§ **AIM OF THE TASK**: Where a line below contains "Template", count it. Reply with the total only.

(Collected data)
*-*-*

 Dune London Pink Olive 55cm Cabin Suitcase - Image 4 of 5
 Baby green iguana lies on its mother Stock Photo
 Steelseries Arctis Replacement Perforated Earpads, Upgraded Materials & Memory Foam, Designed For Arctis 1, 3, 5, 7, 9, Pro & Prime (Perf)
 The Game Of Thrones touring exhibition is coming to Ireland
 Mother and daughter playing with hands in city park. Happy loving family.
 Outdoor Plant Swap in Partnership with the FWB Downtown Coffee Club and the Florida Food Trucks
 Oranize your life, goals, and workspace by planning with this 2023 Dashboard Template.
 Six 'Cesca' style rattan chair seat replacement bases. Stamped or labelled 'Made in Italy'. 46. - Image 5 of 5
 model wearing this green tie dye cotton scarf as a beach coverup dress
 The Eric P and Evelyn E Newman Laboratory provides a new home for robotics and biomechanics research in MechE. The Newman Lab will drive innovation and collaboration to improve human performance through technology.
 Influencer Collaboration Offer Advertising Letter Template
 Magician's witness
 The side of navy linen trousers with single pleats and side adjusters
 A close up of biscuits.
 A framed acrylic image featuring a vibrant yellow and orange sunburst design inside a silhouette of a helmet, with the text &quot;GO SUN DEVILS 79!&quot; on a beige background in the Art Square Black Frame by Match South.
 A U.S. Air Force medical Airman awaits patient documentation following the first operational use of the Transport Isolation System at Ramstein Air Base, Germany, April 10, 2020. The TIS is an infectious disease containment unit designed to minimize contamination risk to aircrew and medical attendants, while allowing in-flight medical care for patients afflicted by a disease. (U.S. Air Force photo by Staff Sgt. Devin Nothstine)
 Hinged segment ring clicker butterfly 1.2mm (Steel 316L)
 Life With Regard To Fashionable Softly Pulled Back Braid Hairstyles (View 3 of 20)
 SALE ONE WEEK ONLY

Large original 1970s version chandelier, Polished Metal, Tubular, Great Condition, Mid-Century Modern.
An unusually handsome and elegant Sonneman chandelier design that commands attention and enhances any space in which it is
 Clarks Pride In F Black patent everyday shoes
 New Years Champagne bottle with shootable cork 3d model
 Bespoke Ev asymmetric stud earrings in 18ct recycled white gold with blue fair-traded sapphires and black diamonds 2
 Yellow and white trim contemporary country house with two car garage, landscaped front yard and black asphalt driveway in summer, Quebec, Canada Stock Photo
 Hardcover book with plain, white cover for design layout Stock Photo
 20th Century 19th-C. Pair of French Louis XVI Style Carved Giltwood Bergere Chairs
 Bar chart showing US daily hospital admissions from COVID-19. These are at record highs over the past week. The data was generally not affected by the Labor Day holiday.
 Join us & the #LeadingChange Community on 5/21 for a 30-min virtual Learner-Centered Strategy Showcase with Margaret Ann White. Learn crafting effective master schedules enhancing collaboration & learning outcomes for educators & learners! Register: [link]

*-*-*

§ **PROBLEM SOLUTION**: 2